(Supplied entries Opens)

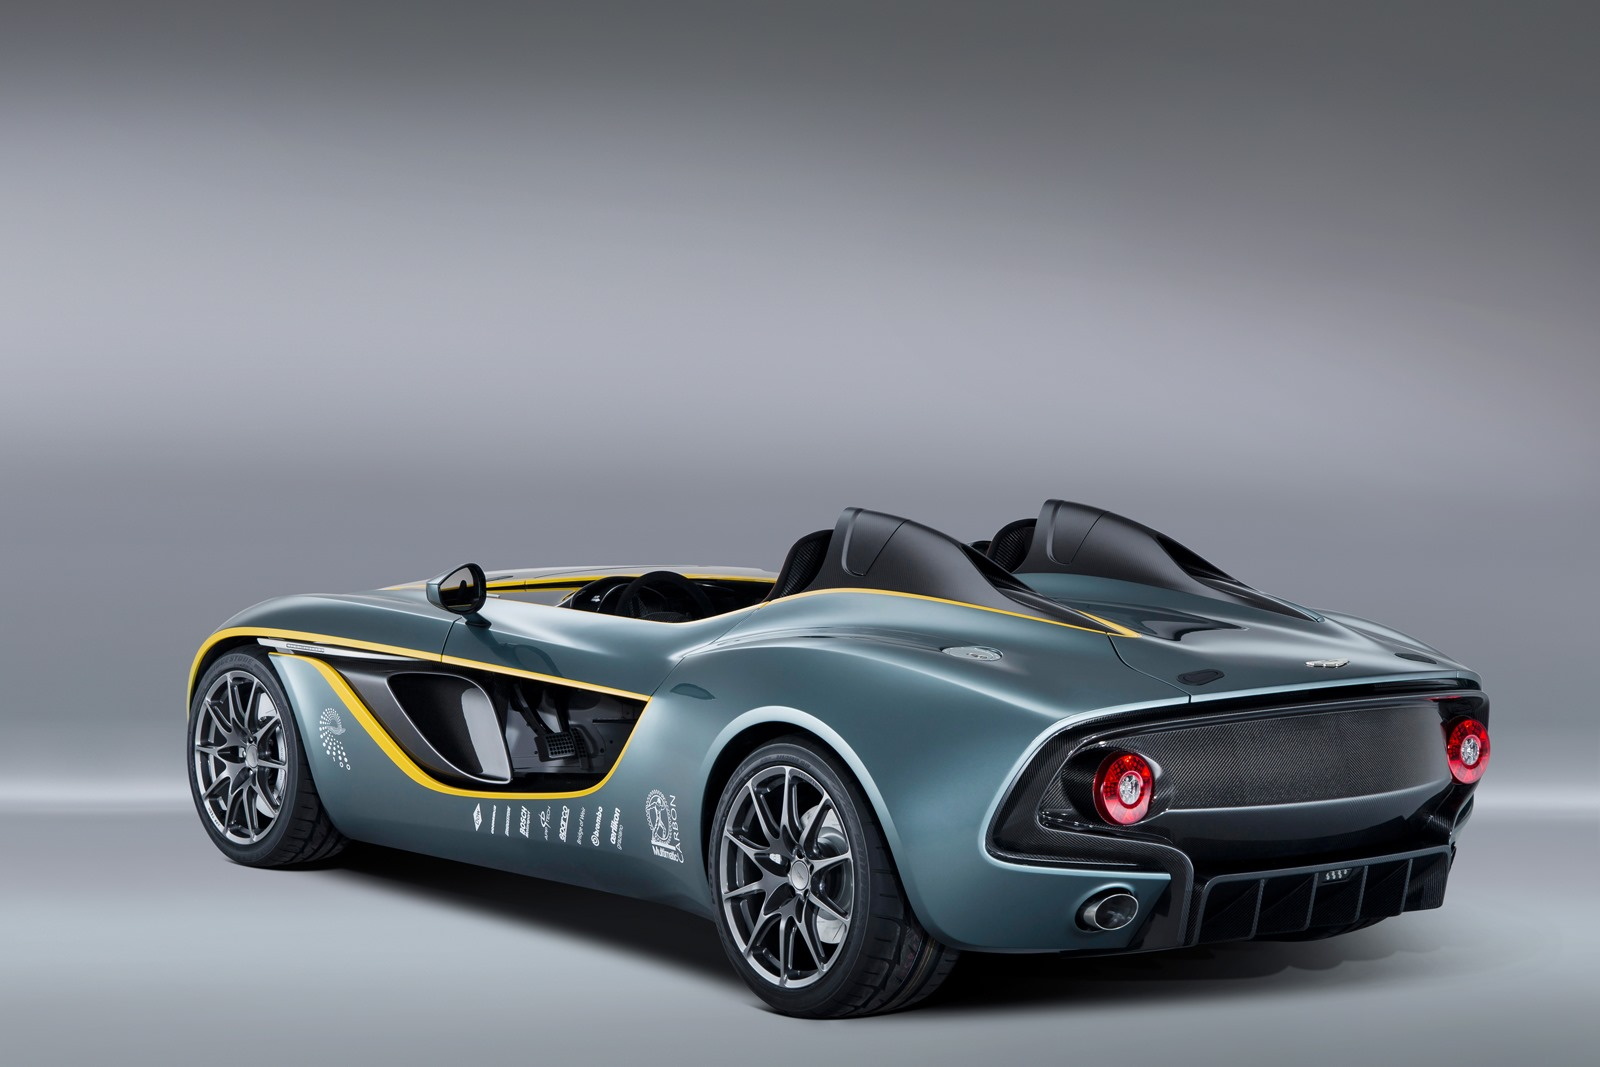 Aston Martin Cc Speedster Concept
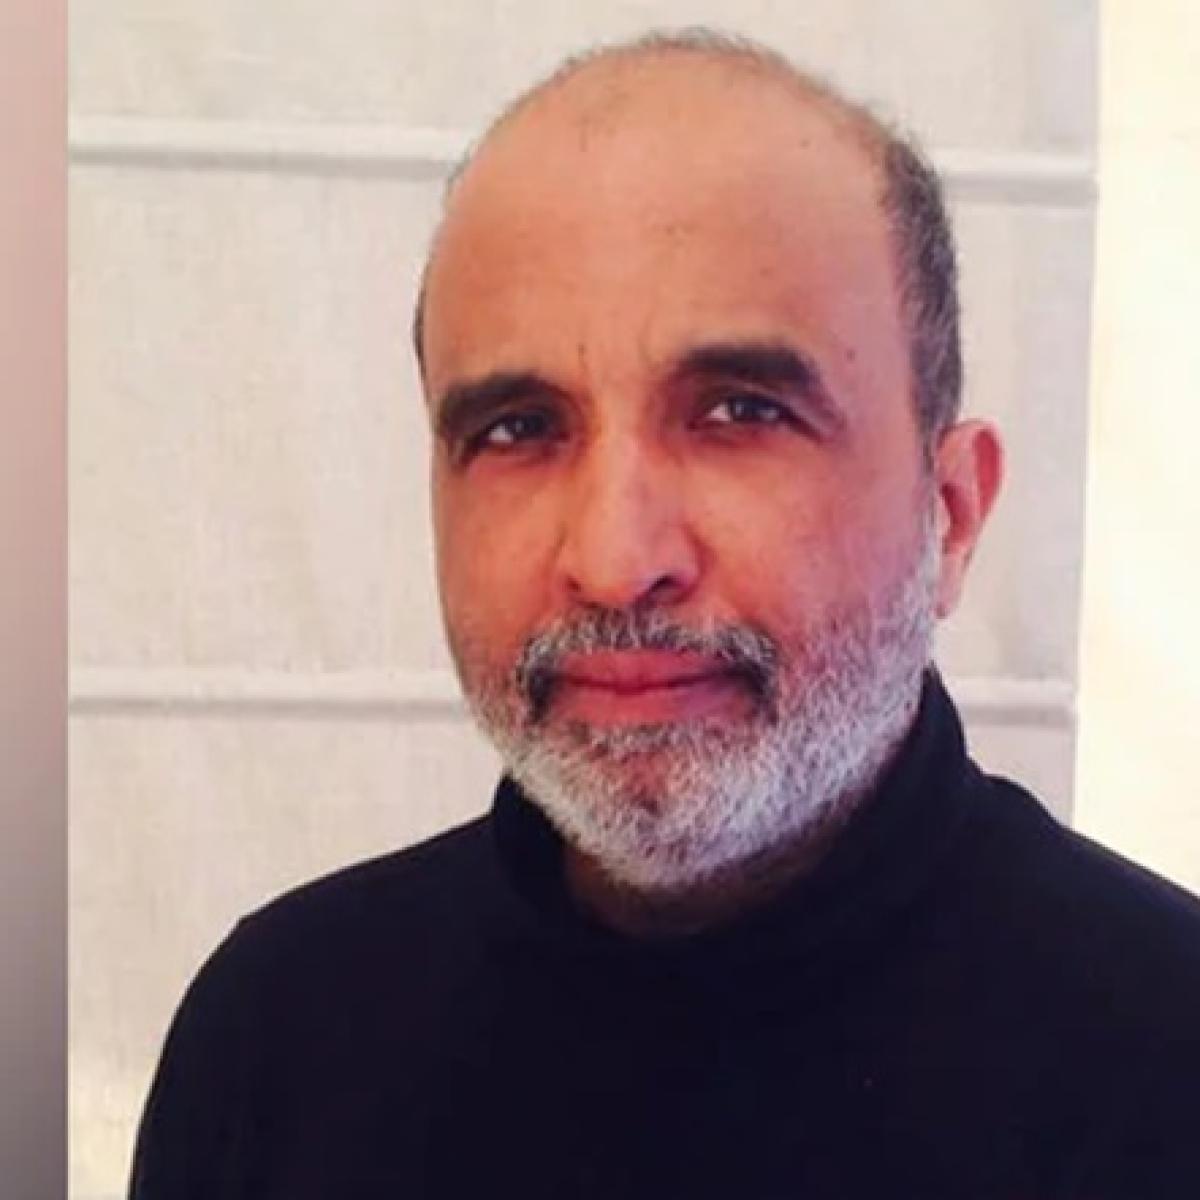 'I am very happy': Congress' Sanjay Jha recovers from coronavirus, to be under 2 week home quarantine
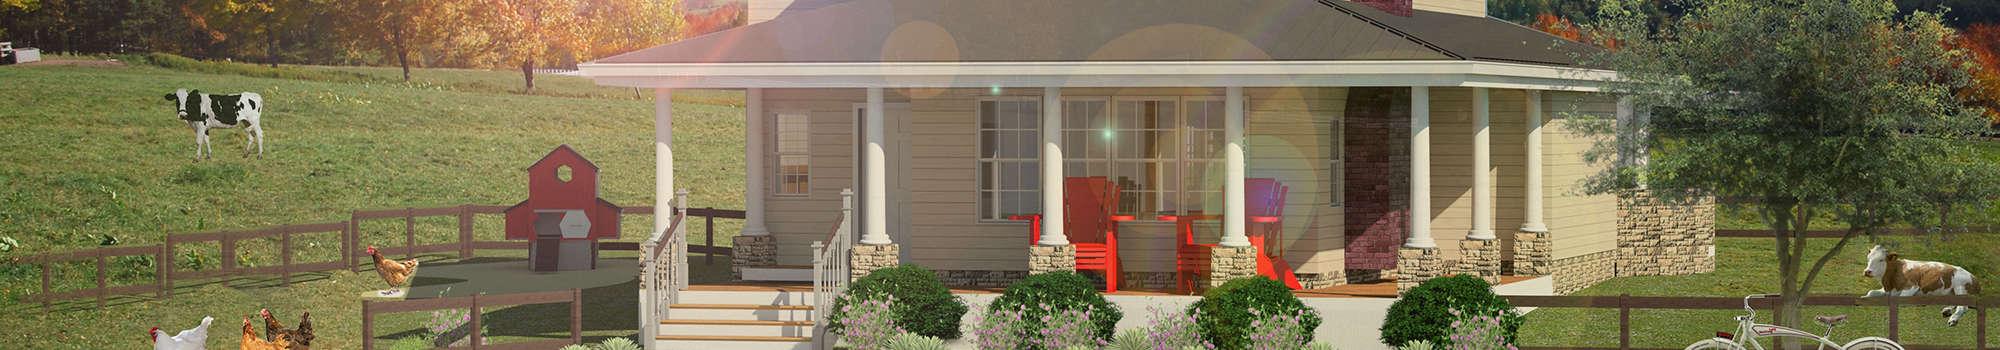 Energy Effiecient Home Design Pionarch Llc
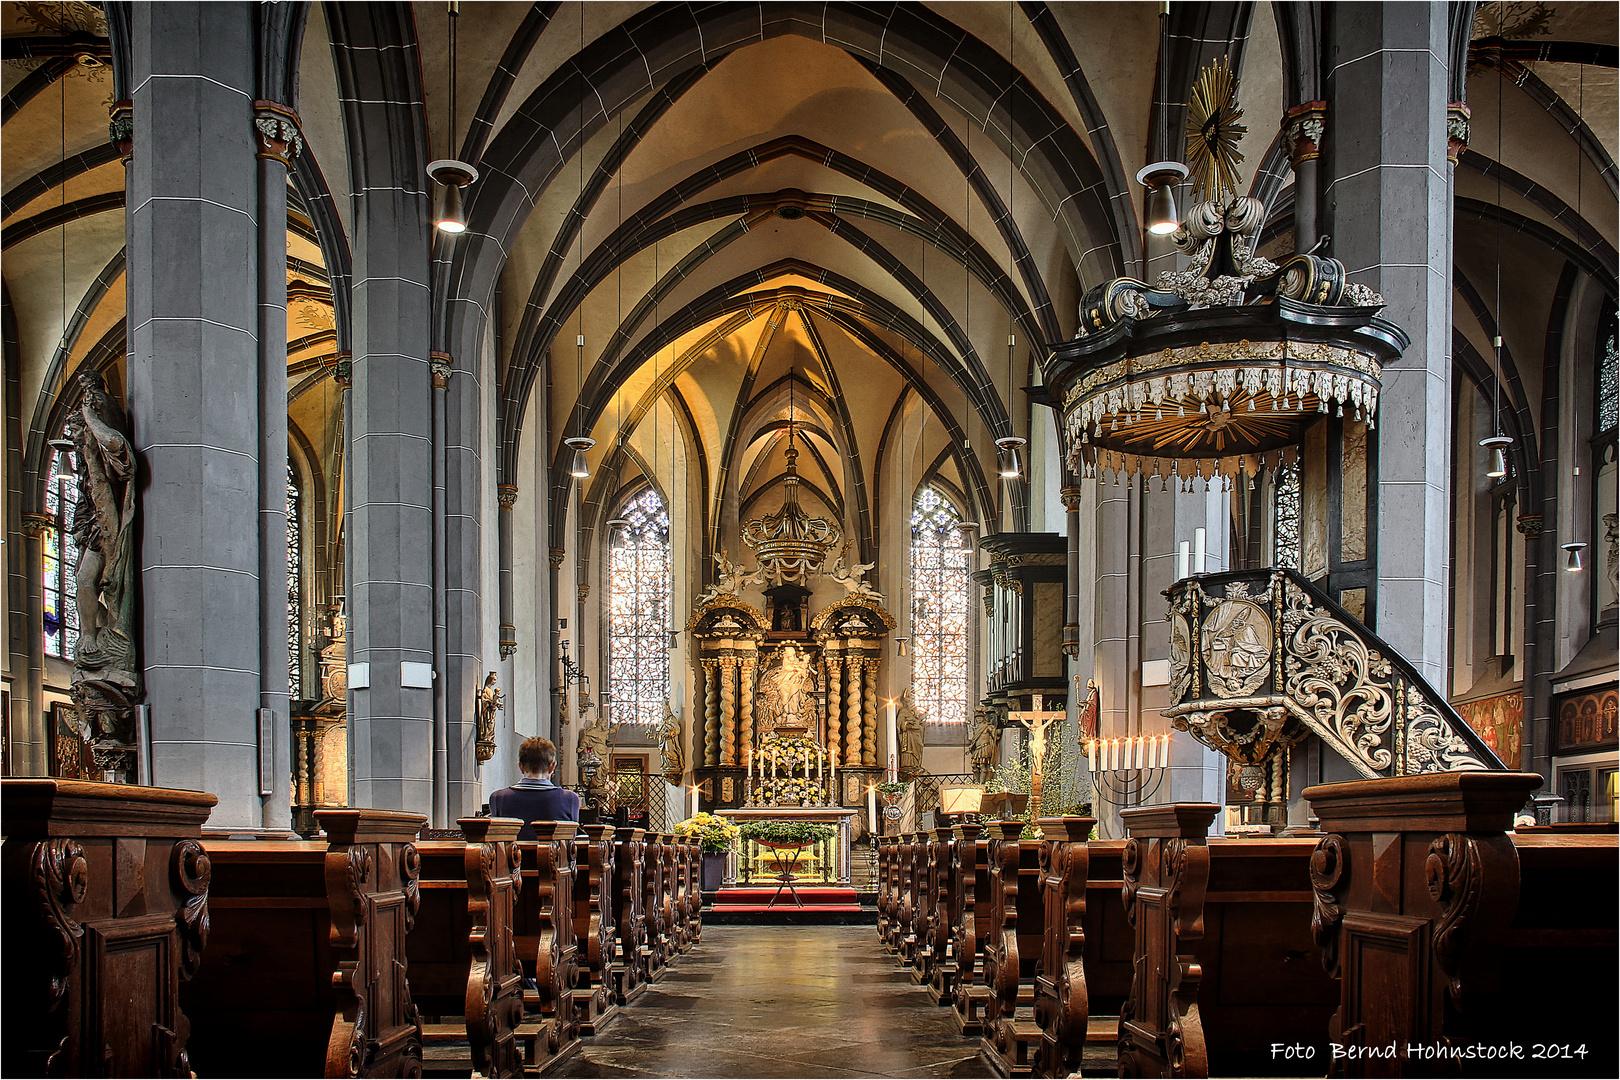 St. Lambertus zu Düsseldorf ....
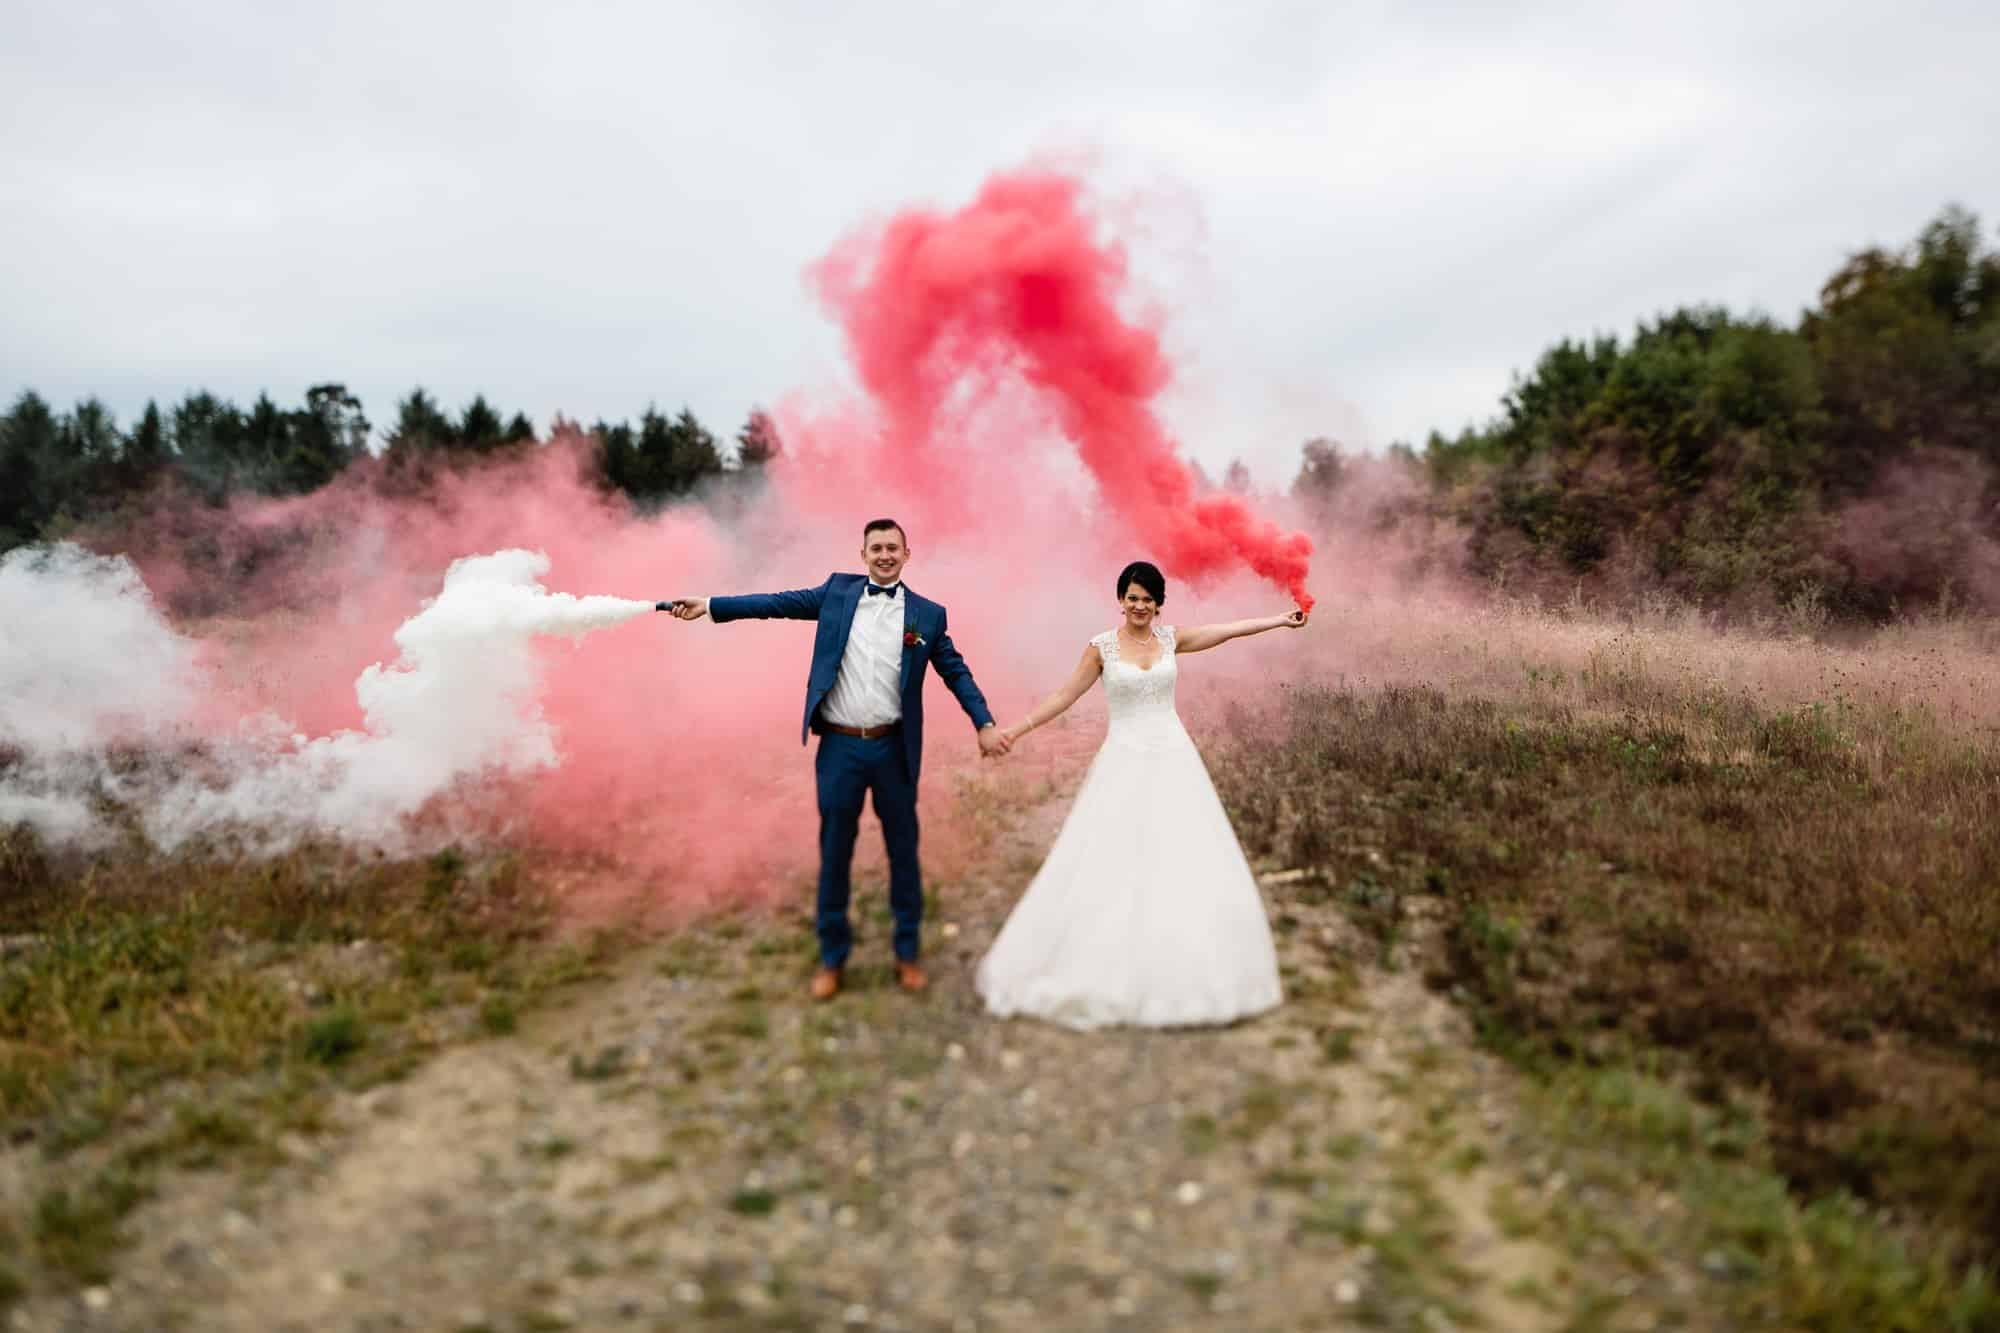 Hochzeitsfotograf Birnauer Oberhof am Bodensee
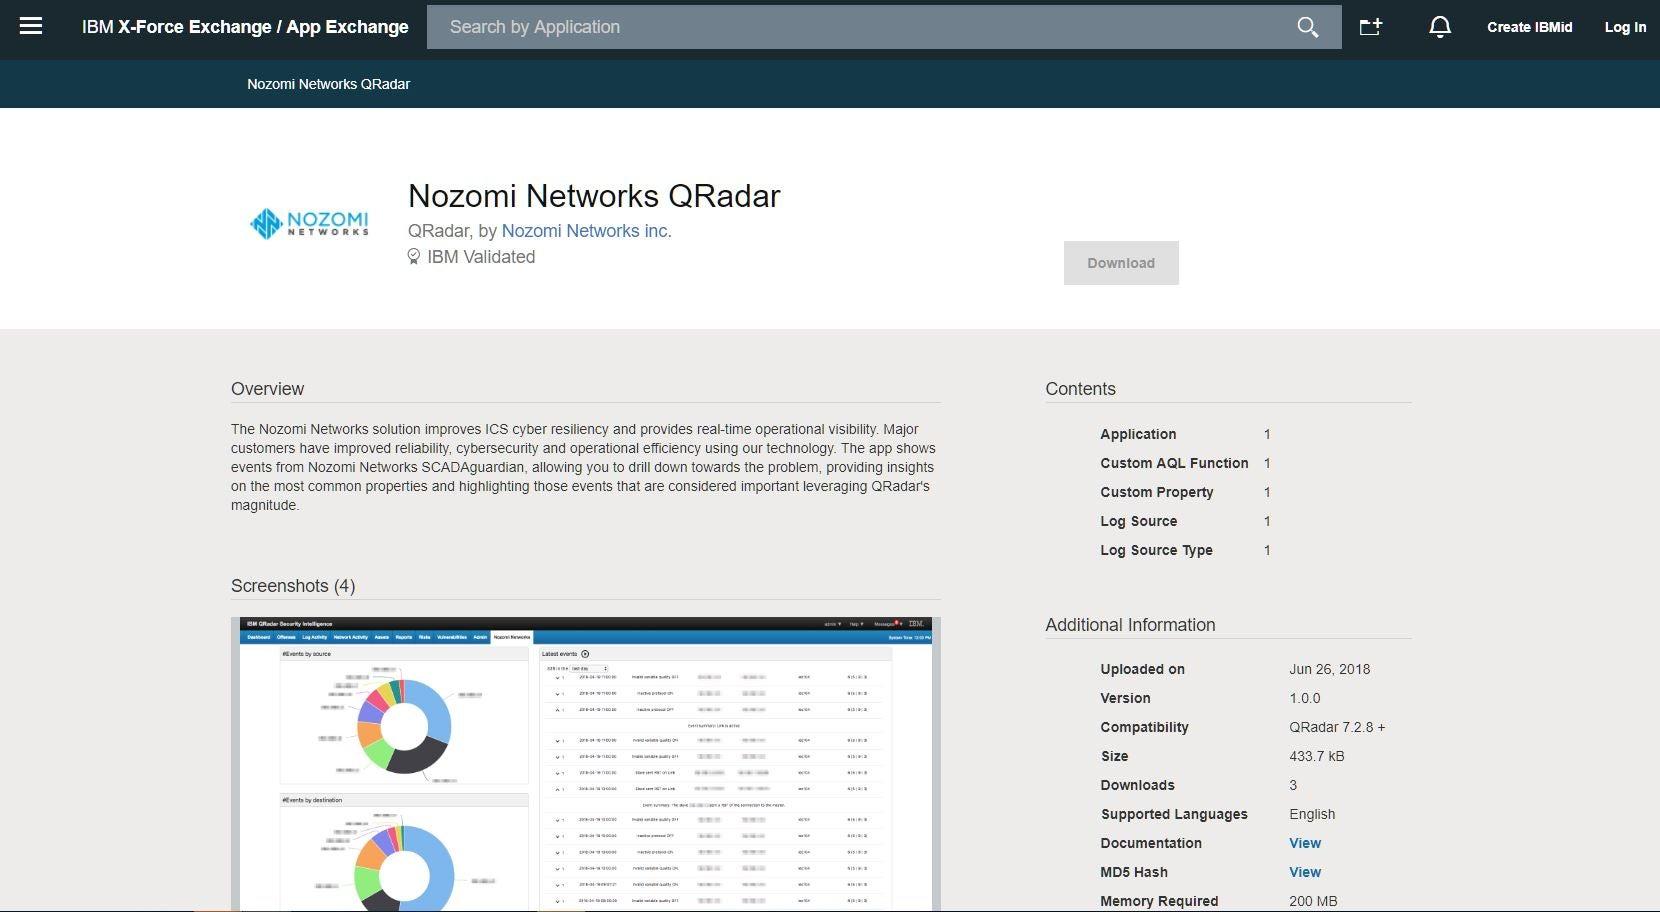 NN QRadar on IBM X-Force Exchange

(Supplied entries Closes)

== Instructions to follow ==
Each line from the one containing "St. Lambertus zu Düsseldorf ...." to the final line of the data must be printed exactly, both included, with nothing else and no pictures.

== Response area ==
 St. Lambertus zu Düsseldorf ....
 Hochzeitsfotograf Birnauer Oberhof am Bodensee
 NN QRadar on IBM X-Force Exchange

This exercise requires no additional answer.